I am sorry that you feel such hurt and pain. Speaking only from my own history and understanding, I can tell you that we sometimes decide someone is our intended mate, and we cannot bear the thought of their loss. Years ago I was in a similar situation, and the hurt went both ways. He threw the first dagger (not literally) and then I threw a couple of my own figurative daggers. There would be these brief reunions where all would be wonderful, but they never lasted for more than a brief time. All of the same problems resurfaced. I can tell you to this day years later, I still hold those wonderful memories, and can see them as though they happened only moments ago, but the rational part of me recalls all the pain as well. So, all is in its proper perspective.
I have always wanted that perfect, wonderful, sensitive man, and I found him. However, neither he nor anyone else can be those things all of the time. We just hurt each other. It is part of life.
These hurts used to devastate me, but awhile ago, not too long ago, I realized that I needed to love myself, and treat myself the way that I wanted to be treated. I worked out all of my own stuff, and then started taking care of myself by doing small things like taking a few moments to read, which I love no matter how busy the day, taking time to take better care of my physical being and the like through grooming, exercise and diet. I stopped relying solely on receiving love and good things from external sources, and found that I was less looking for my spouse to take care of me, do nice things for me and make me feel good. He does those things, but I do them as well, so I am not reliant on him to make me feel good, I am reliant on myself.
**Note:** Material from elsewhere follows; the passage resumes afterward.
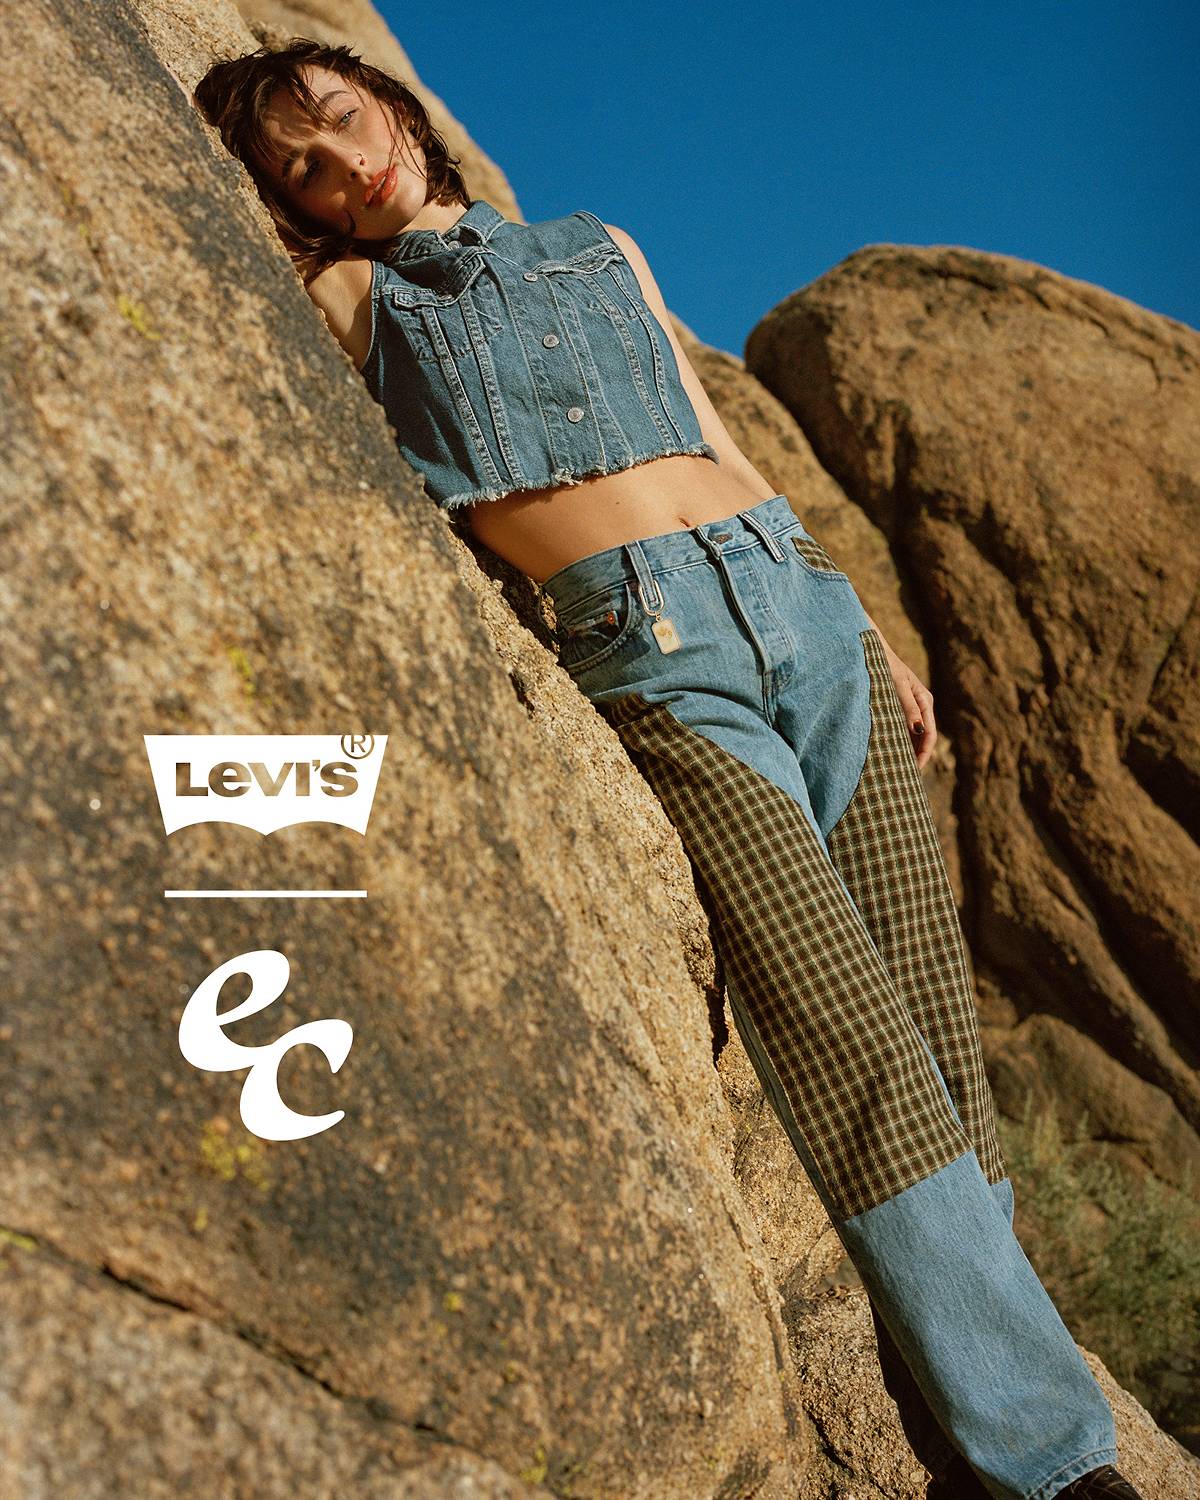 Emma Chamberlain styles our newest fit - Levi's

This was along hard battle for me because I always dreamed of the perfect man who would love, adore and intuitively know what I needed. The one who knows best how to make you happy is you! Once you can do that you can see people and situations for what they are both the good and the bad. I wrote to let you know that I know your pain, and you have both my sympathy and very best wishes.
I also want you to have hope and know that once you love yourself and take care of yourself, as if by magic others almost want to take better care of you themselves. The silly tension and arguments disappear, and life feels much better. Then you can find the love that you desire.